Adverse events (AEs) among hospitalized patients are defined as "Unintended injuries or complications that result in disability at discharge, death or prolonged hospital stay and are caused by events other than the patient's underlying disease." Annually, approximately 1.1% of all hospital admissions, or 400,000 patients, die due to AEs while costing the US economy roughly 17.1 billion dollars. The Canadian Adverse Events Study reported AEs among 7.5% of hospital admissions, with 37% of these events deemed preventable. Common AEs, including infections and sepsis, cardiac and respiratory failure and deaths have been reported to be proceeded by a change in the patient's vital signs recognizable up to 48 hours prior to the AE being diagnosed. In many cases, subtle changes in a patient's vital signs have been recognized retrospectively as precursors of AEs that can lead to unplanned admissions to ICUs or death.

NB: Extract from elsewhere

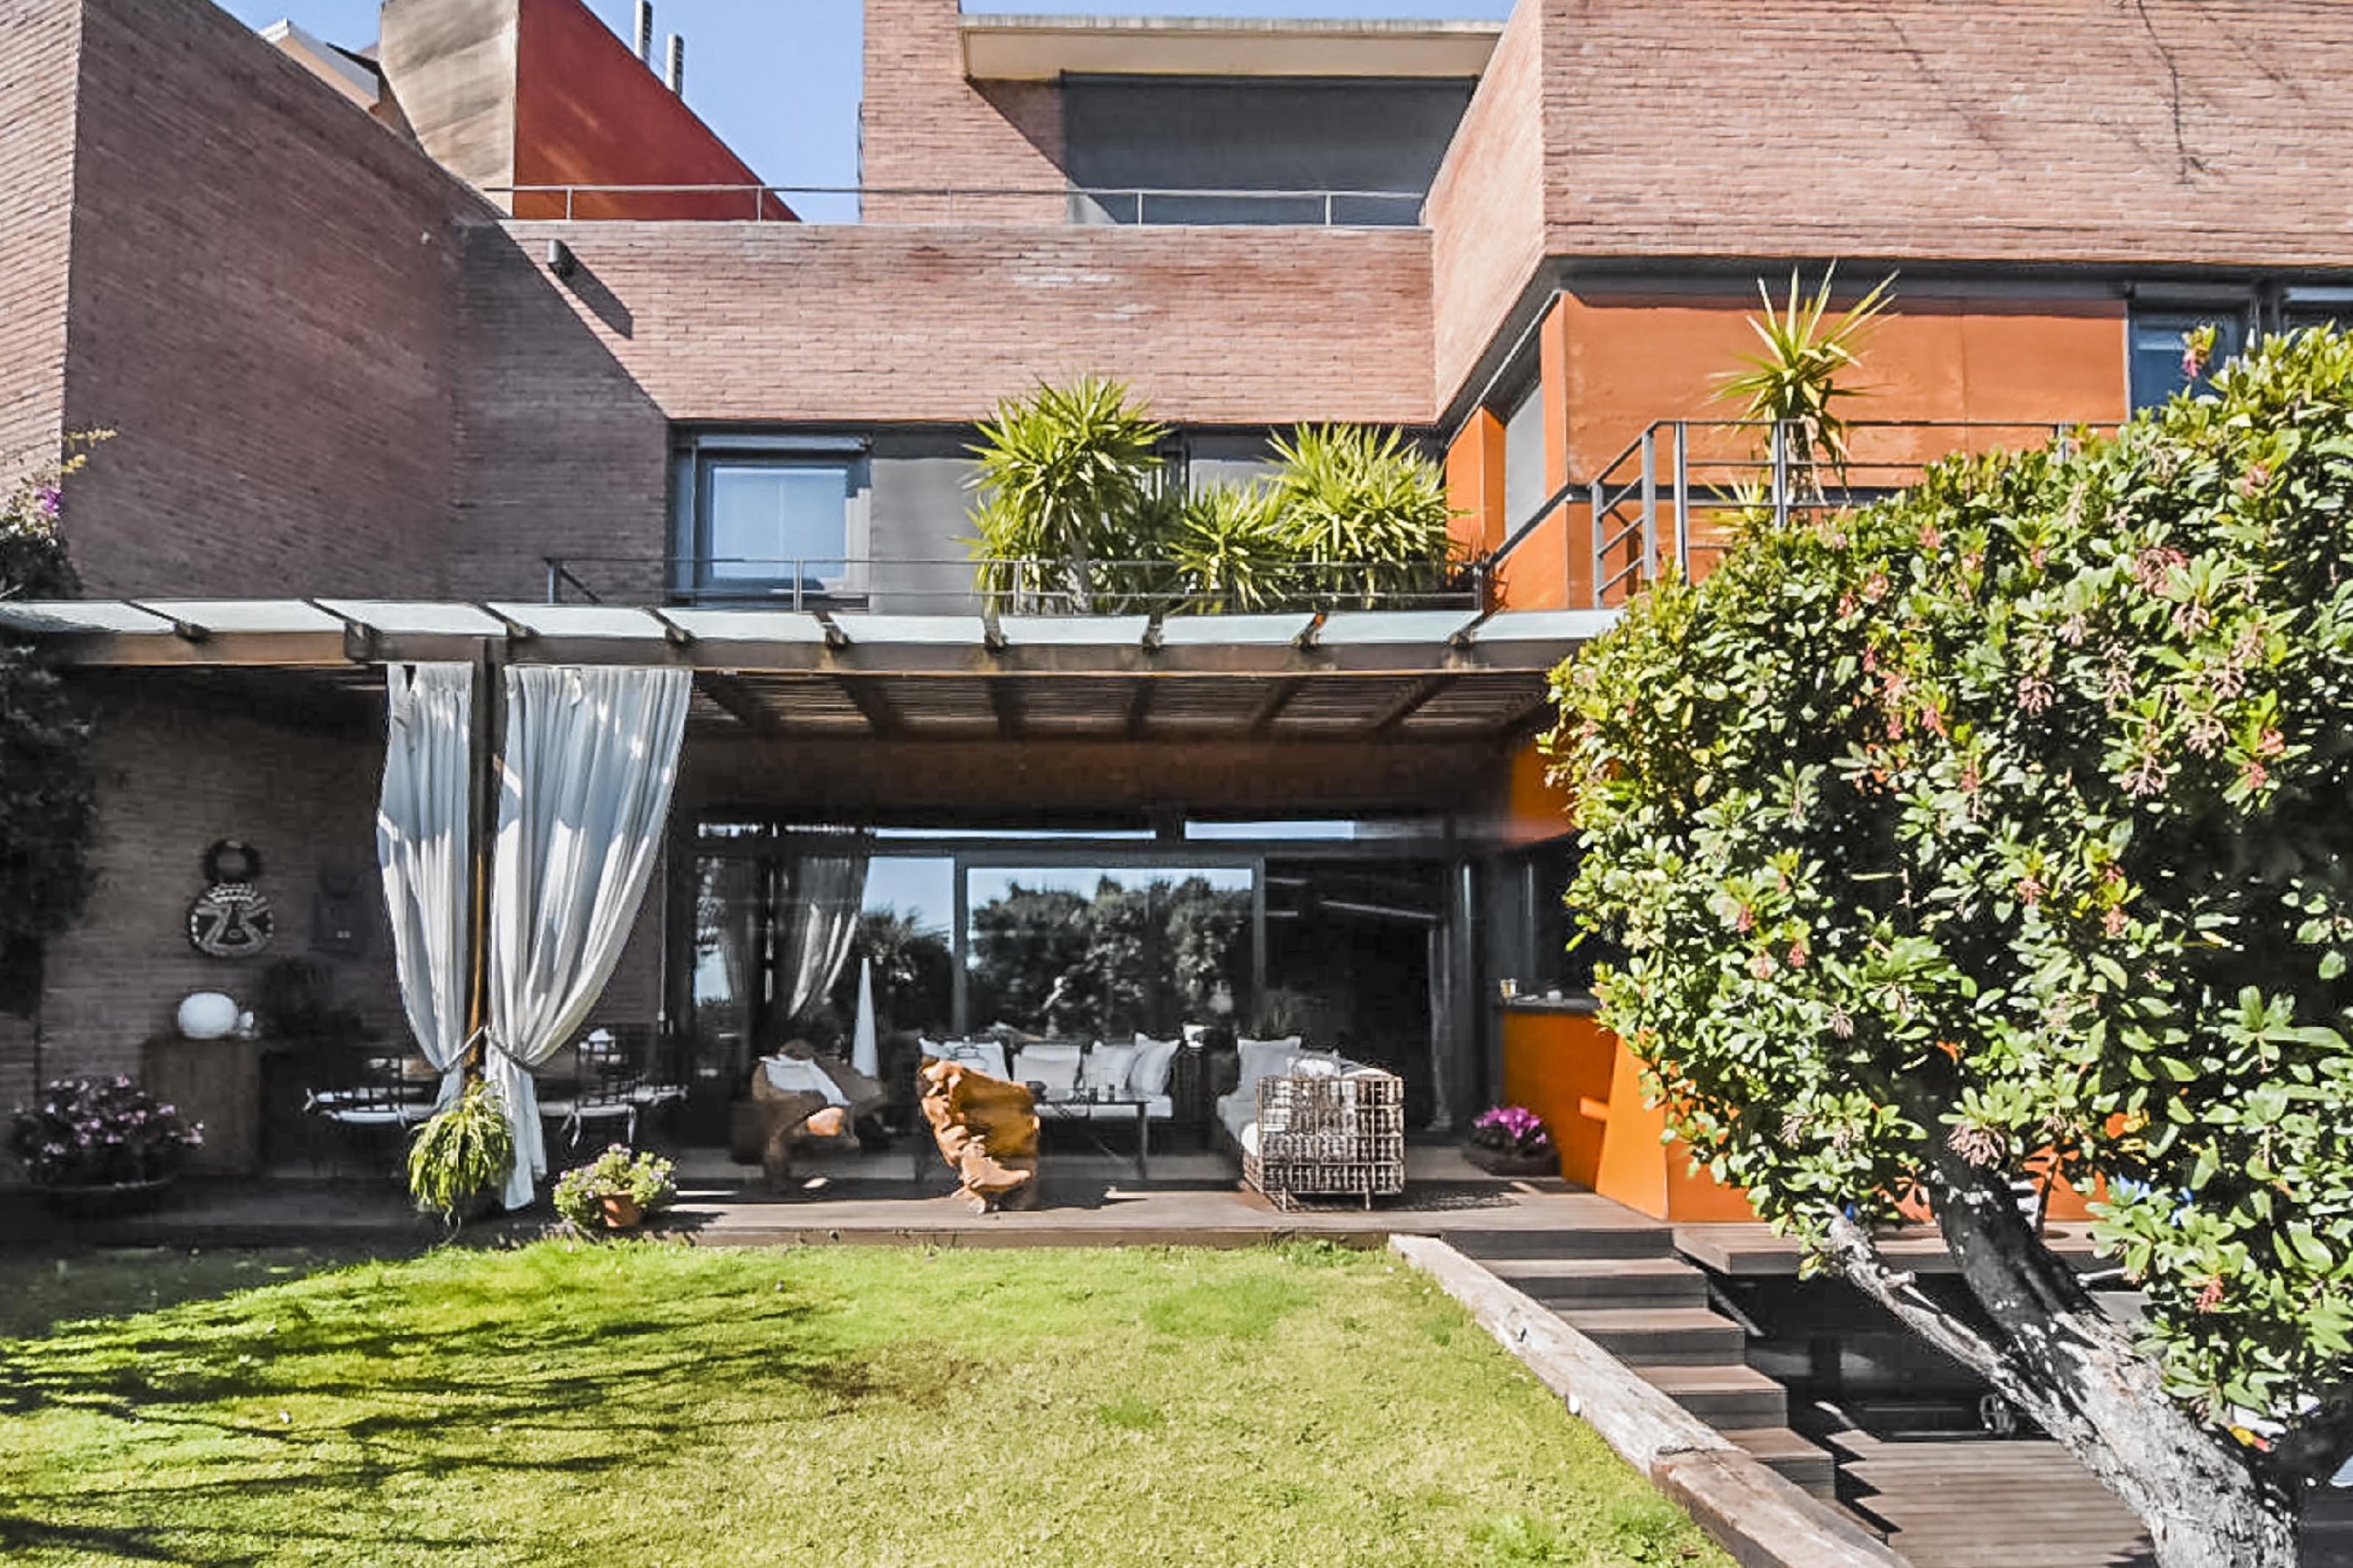 214424 Casa en venta en Les Corts, Pedralbes 1

A number of early warning systems have been developed to assist nursing staff in identifying changes in vital signs as precursors to AEs. The commonly used Modified Early Warning Score (MEWS) attempts to identify acute clinical deterioration based on the patient's vital signs and level of consciousness. The higher the MEWS score, the greater risk of an AE. However, the efficacy of the MEWS score is contingent upon the frequency of both the score being recorded and being assessed by the nursing staff. Although continuous monitoring of vital signs takes place within and outside of ICUs these data are rarely provided to the nurse when they are outside of the patient's room in real time. Further, the vital signs and MEWS scores are commonly recorded in the patient record at scheduled intervals during a 24-hour period (e.g. every 4, 6, 8 or 12 hours). If a patient's physiological condition deteriorates between these scheduled intervals and the nurse is not continually with the patient, the opportunity is lost for early recognition of this deterioration that may lead to an AE. The importance of monitoring vital signs in clinical practice is indisputable, but how to best monitor and interpret them and how frequently they should be measured in order to minimize AEs remains unclear.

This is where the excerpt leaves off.